BMI stands for body mass index. It was developed in 1832 by a Belgian mathematician named Lambert Adolphe Jacques Quetelet.
He developed the BMI scale to quickly estimate the degree of overweight and obesity in a given population to help governments decide where to allocate health and financial resources.
Interestingly, Quetelet stated that BMI was not useful in studying single individuals but rather to give a snapshot of a population’s overall health. Nevertheless, it’s widely used to measure an individual’s health.
The BMI scale is based on a mathematical formula that determines whether a person is of a “healthy” weight by dividing their weight in kilograms by their height in meters squared:
- BMI = weight (kg) / height (m2)
Alternatively, BMI can be calculated by dividing weight in pounds by height in inches squared times 703:
- BMI = (weight (lbs) / height (in2)) x 703
You can also use an online BMI calculator, such as the one provided by the National Institutes of Health (NIH).

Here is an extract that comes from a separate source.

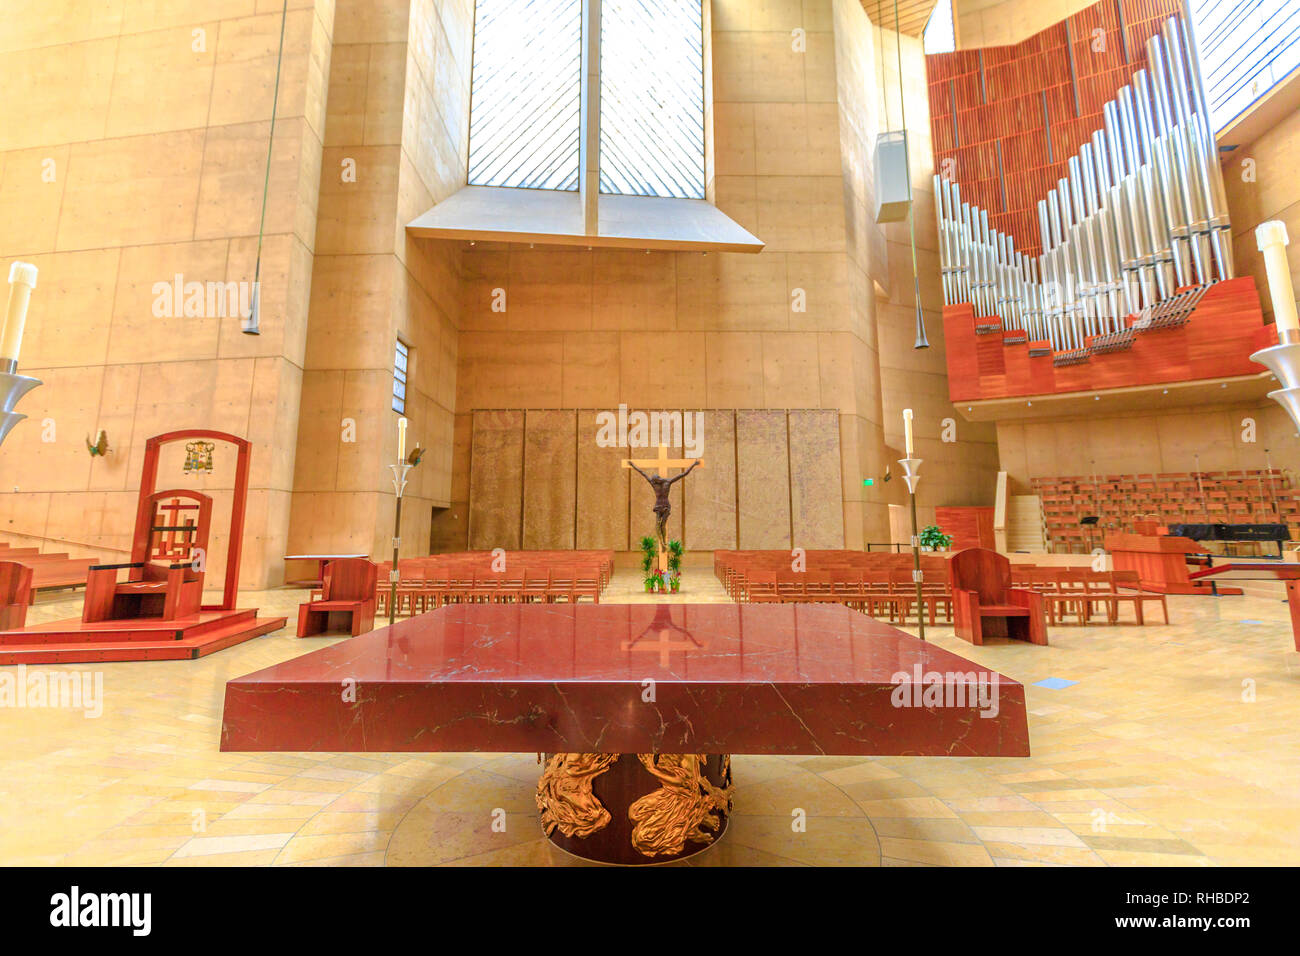 Los Angeles, Kalifornien, Vereinigte Staaten - 9. August 2018: Altar mit Kreuz und die Orgel in der Kathedrale Unserer Lieben Frau von den Engeln auf der Temple Street, LA des Stockfoto

Once BMI is calculated, it’s then compared to the BMI scale to determine whether you fall within the “normal” weight range:
|BMI range||Classification||Risk of poor health|
|Less than 18.5||Underweight||High|
|25.0–29.9||Overweight||Low to moderate|
|30.0–34.9||Obese class I (moderately obese)||High|
|35.0–39.9||Obese class II (severely obese)||Very high|
|Greater than 40||Obese class III (extremely obese)||Extremely high|
According to this calculation, a healthcare provider may suggest health and lifestyle changes if you don’t fall within the “normal” weight category.
Some countries have adopted this BMI scale to better represent the size and stature of their population. For example, Asian men and women have been shown to be at a higher risk of heart disease at a lower BMI, compared with non-Asians.
Though this can give the healthcare provider a snapshot of a person’s health based on a person’s weight, it doesn’t consider other factors, such as age, sex, race, genetics, fat mass, muscle mass, and bone density.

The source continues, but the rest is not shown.